AMN Reviews: RhaD – Metamusic (2021; Unexplained Sounds Group)

There comes a time for anyone who has listened to enough different types of music when they realize that music can be anything – there is no “right” or “wrong” types of music, only sounds. These sounds may fall at any point on various axes – bright to dark, fast to slow, simple to complex, smooth to roughly textured, disorganized to organized, and so on. Some of the more interesting pieces (to these ears at least) move about in this multidimensional space.

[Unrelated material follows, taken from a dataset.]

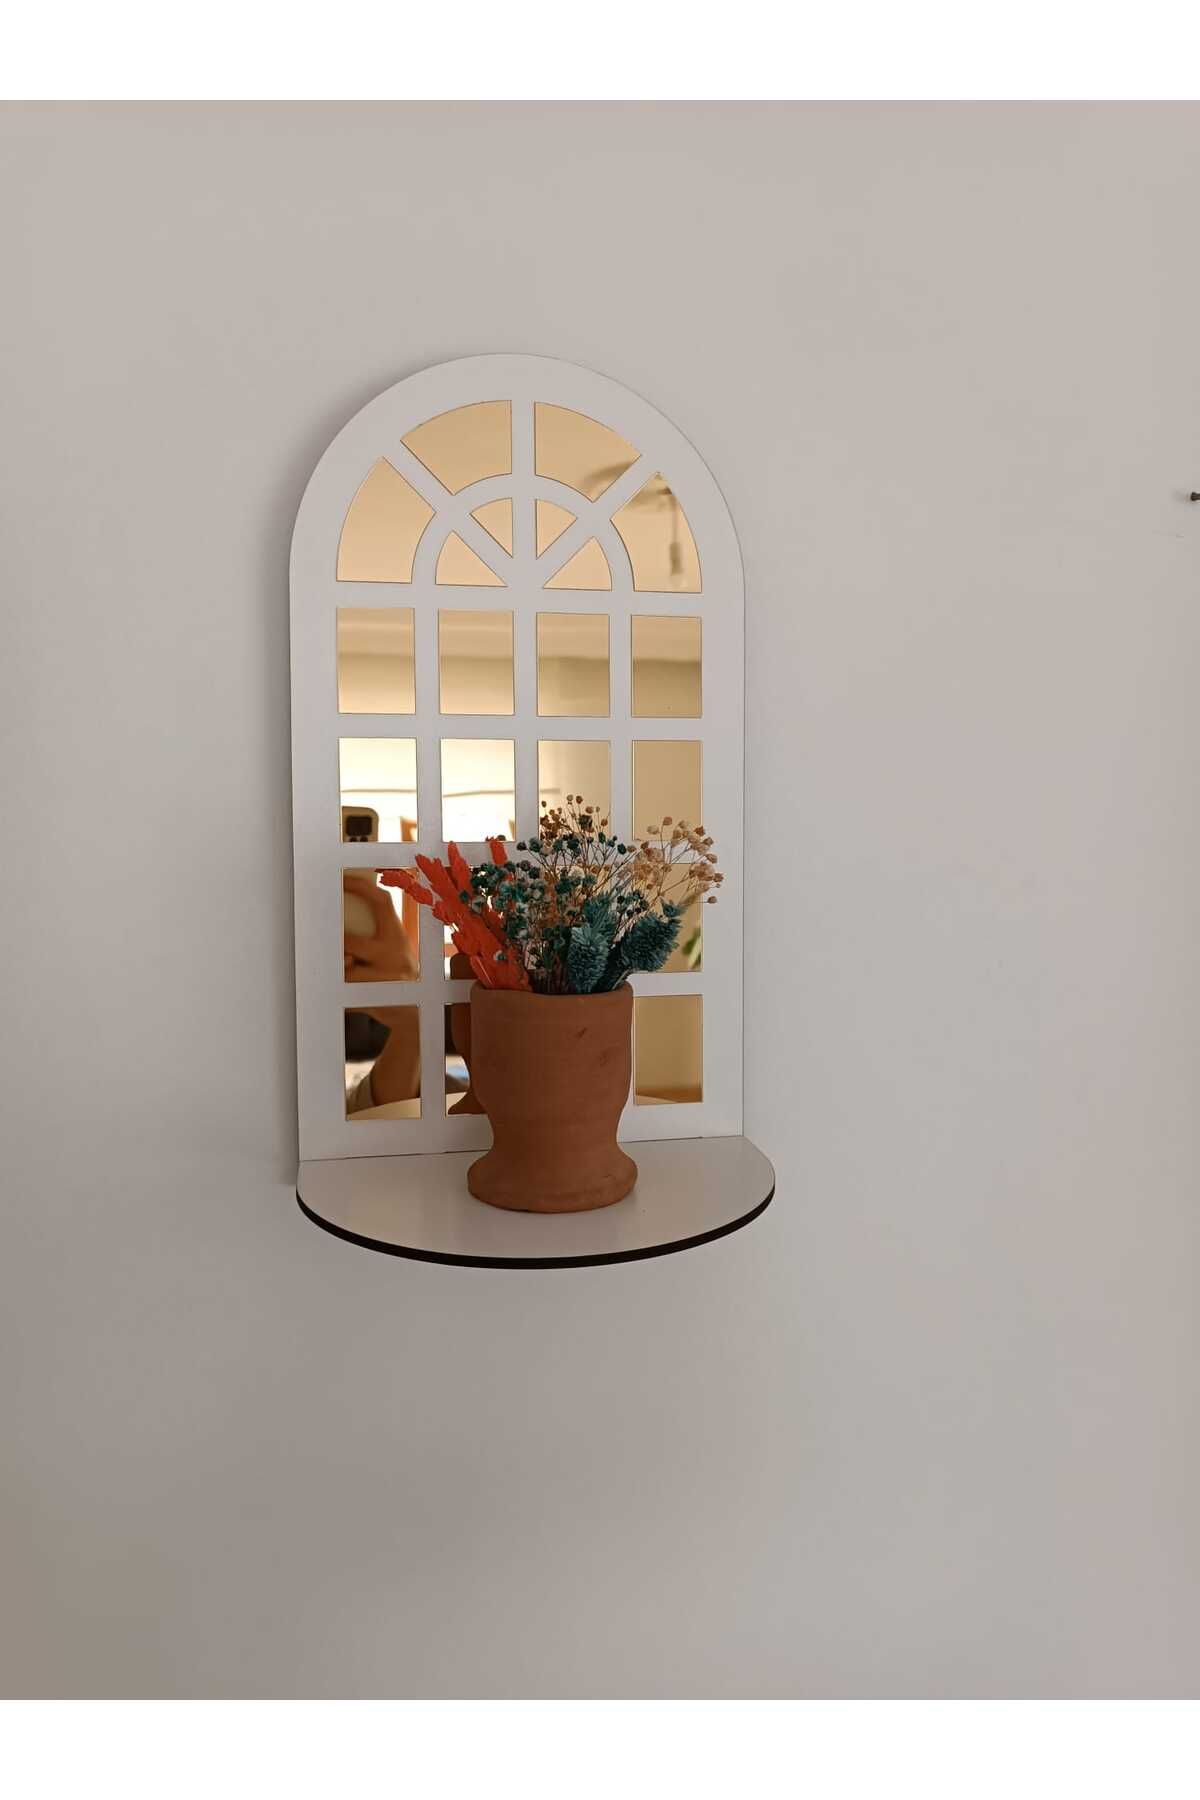 Arlesia Hint Penceresi Duvar Rafı 4 mm Beyaz MDF 1 mm GOLD Aynalı Pleksi Modern, Şık, Dekoratif

When music is viewed in terms of its constituent sounds, it can be thought of as having no inherent purpose. It does not have to make you feel good, relaxed, or regulate your emotions in any other way. It just is. Music can be used for any of the aforementioned purposes, and many others as well. The intent of the creator matters. But music does not require a specific goal. The overall semantic meaning of a piece of music that defies conventional norms can be largely in the mind of the listener, perhaps influenced by suggestions of the creator.

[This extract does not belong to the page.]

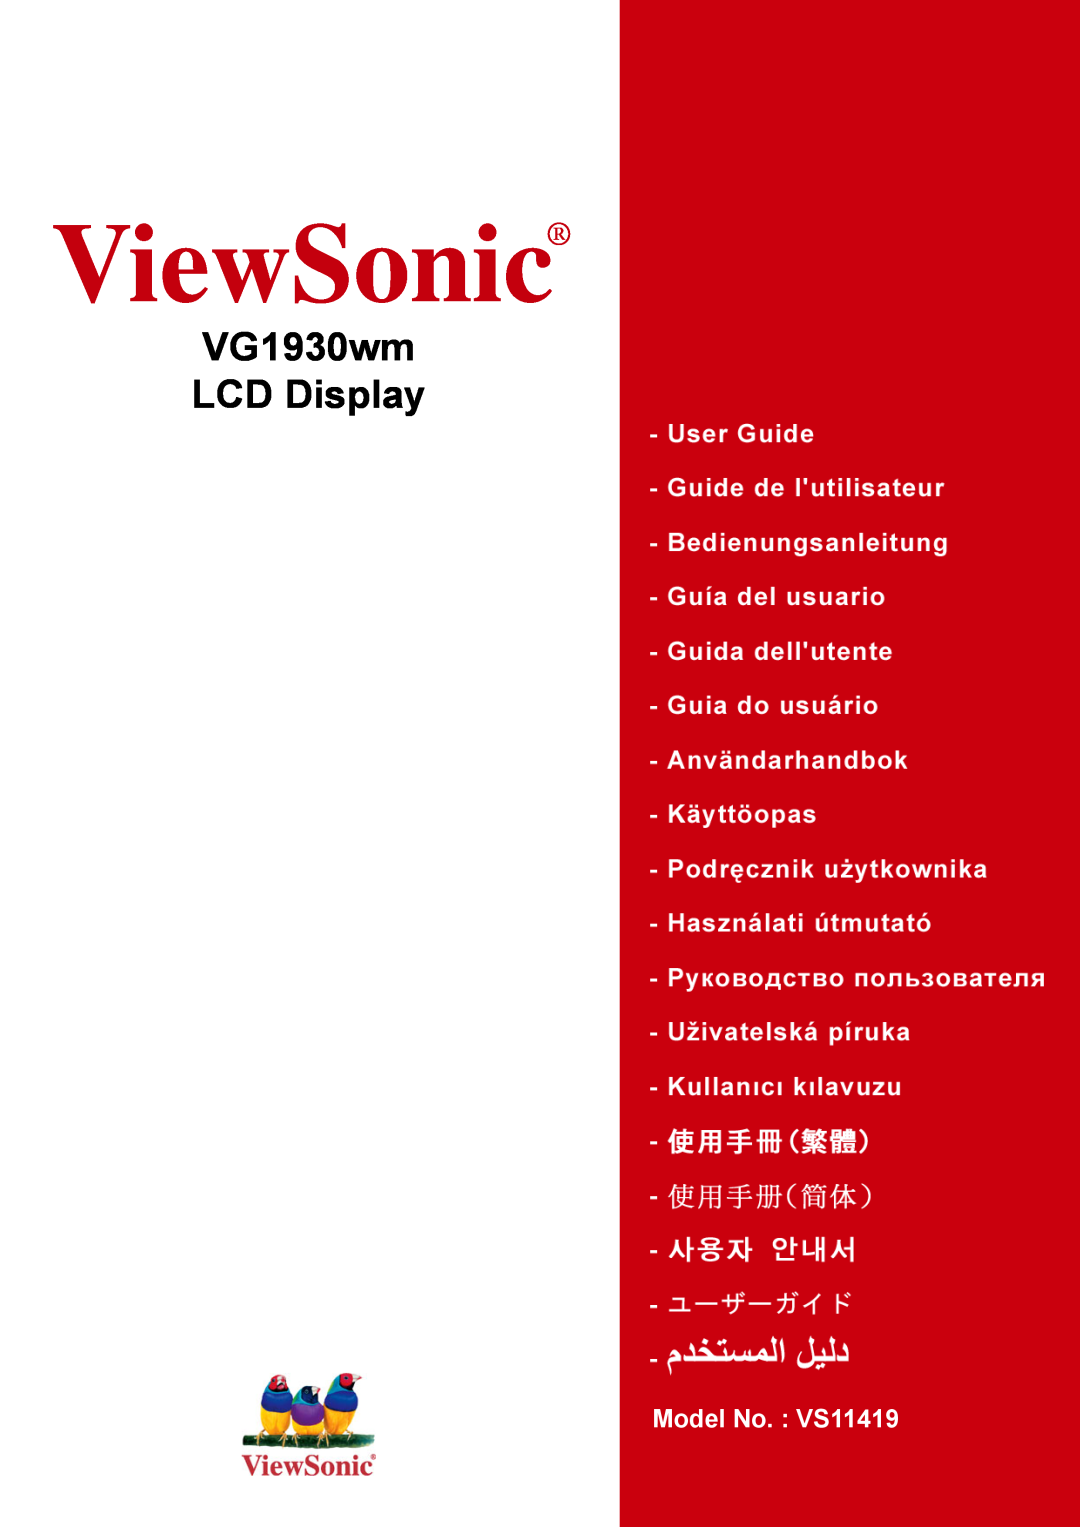 ViewSonic manual ViewSonic, VG1930wm LCD Display, Model No. VS11419

Recordings and performances that merit repeated listenings often are ones that unask this question of purpose in music. RhaD’s Metamusic is one such effort. This release, from the alter ego of the Unexplained Sounds Group label head Raffaele Pezzella, is an amalgam of field recordings, voices, tapes, and radio transmissions, mixed with snippets of electronic and classical music. None of these constituent elements dominate, as Pezzella mixes the old with the new and the analog with the digital.

Musique concrete forms the basis of many of these tracks, with sculpted sounds overlaying recorded source material. While combinations of these elements are seemingly random at times, there is an underlying logic to the arrangements. For example, cosmic electronic liltings accentuate the strangeness of looped spoken word pieces on Pol Pot. Stereo test signals alterations. In contrast, the next track, Telephonic Art followed by Chamber Music, has a descriptive title. The first few minutes consist of fragments of phone calls (including dial and ring sounds) interlaced with static and effects. This transforms into plaintive chamber music performed by Daniel Barbiero on double bass, Francesco Arrighi on piano, and Mara Lepore also on piano. These two disparate passages of source material are oddly linked by mood.

Straddling the retro and the modern, Pezzella’s RhaD project is a notably original contribution to the sound art genre. Through these arrangments he builds, brick-by-brick, strange and haunting outlines of stories to be filled in by the listener’s subjective experience. Very well done.